Latarnie pilnie strzeżone
Latarnie morskie w Świnoujściu i Niechorzu
zostały zamknięte dla indywidualnych zwiedzających przez Urząd
Morski w Szczecinie z powodu ewentualnego zagrożenia atakami
terrorystycznymi - informuje "Głos Szczeciński".
Decyzja obowiązuje od wczoraj do odwołania. Wstępu na latarnie nie mają pojedyncze osoby. Zwiedzać mogą je tylko zorganizowane grupy, które wcześniej zostaną zgłoszone latarnikom.
"Wolimy dmuchać na zimne"- tłumaczy Bogdan Lisowski, naczelnik bazy oznakowania nawigacyjnego Urzędu Morskiego, który podjął decyzję o ograniczeniu zwiedzania latarni.

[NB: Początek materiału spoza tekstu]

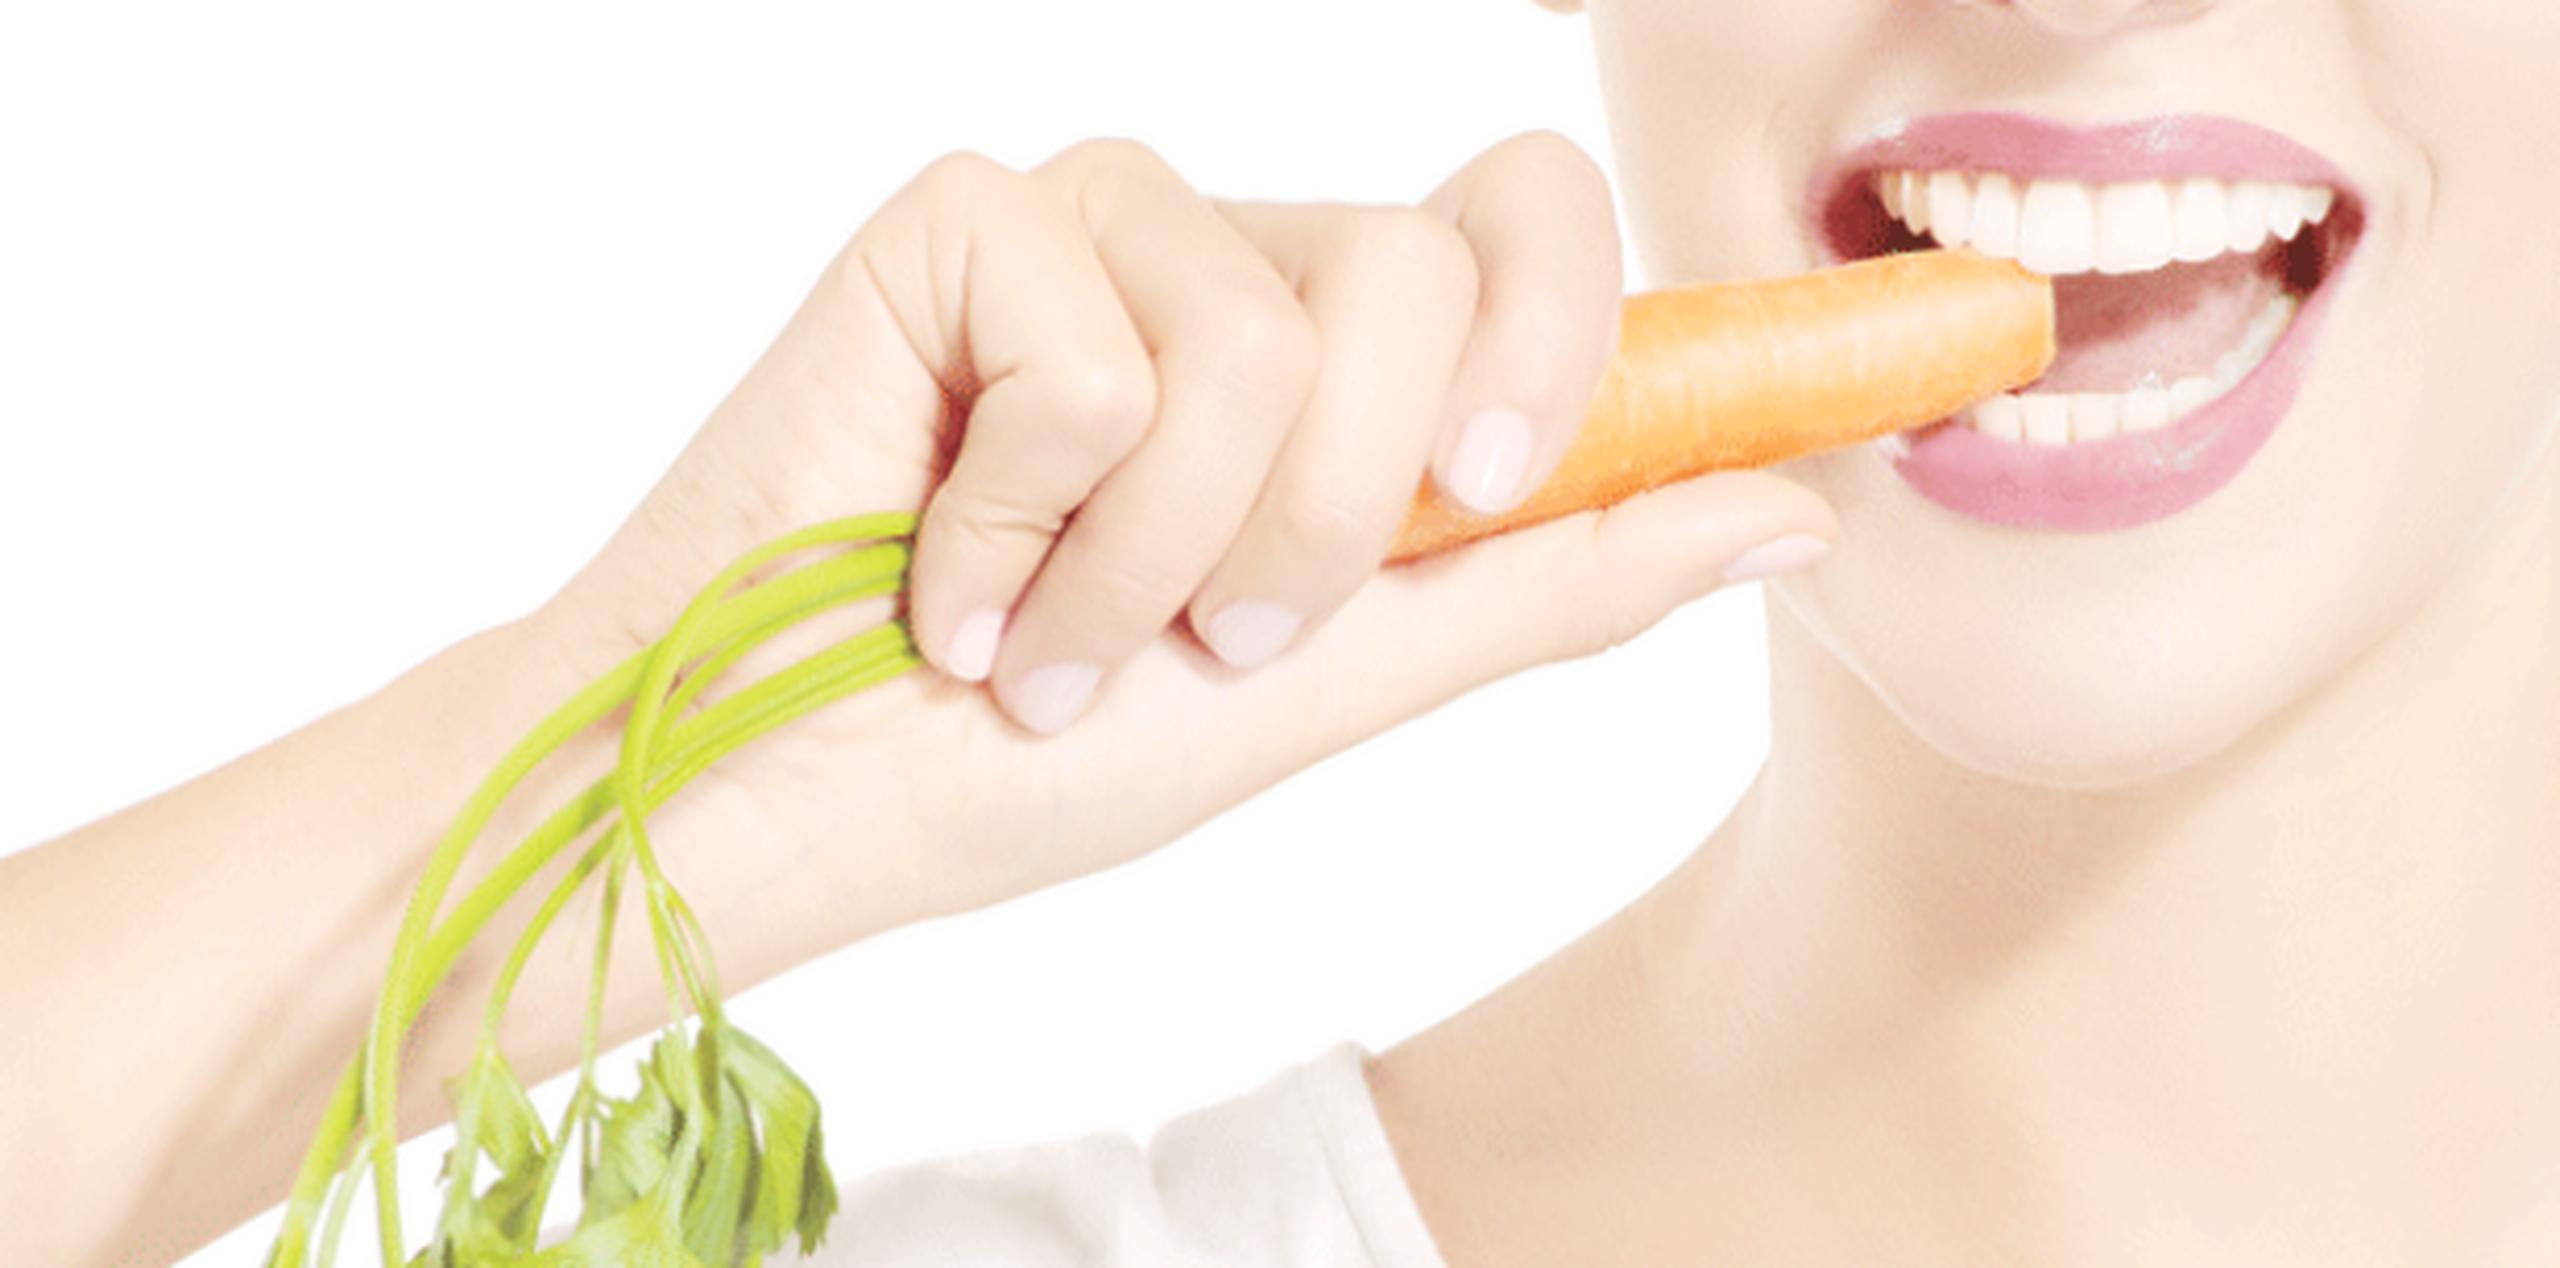 Comer zanahorias no ayuda a recuperar la visión perdida, pero sí a evitar mayores problemas oculares en el futuro. (Archivo)

W Świnoujściu, gdzie dodatkowo funkcjonuje baza promów morskich oraz Port Wojenny 8 Flotylli Obrony Wybrzeża, prezydent zwołał na koniec miesiąca posiedzenie wydziału zarządzania kryzysowego miasta. Wraz z policją, strażą pożarną i podległymi służbami będzie się zastanawiał nad dodatkowymi zabezpieczeniami na wypadek ataku terrorystycznego.
Pomimo tego, w mieście już obowiązują dodatkowe środki bezpieczeństwa, które wprowadzono jeszcze przed rozpoczęciem wojny w Iraku.
Jak dotąd, przez dzienne i nocne patrole pracowników Zakładu Wodociągów i Kanalizacji pilnowane są ujęcia wody. Tak samo zabezpieczona jest sieć kanalizacyjna. Pracownicy ZWiK sprawdzają też każdego, kto znajduje się w pobliżu ujęć wody i jeśli uznają to za konieczne mają informować policję i jedną z firm ochroniarskich.
Ścisłą tajemnicą objęte są natomiast środki bezpieczeństwa podjęte w świnoujskim Porcie Wojennym. Marynarka Wojenna określa je jako "adekwatne do sytuacji". (PAP)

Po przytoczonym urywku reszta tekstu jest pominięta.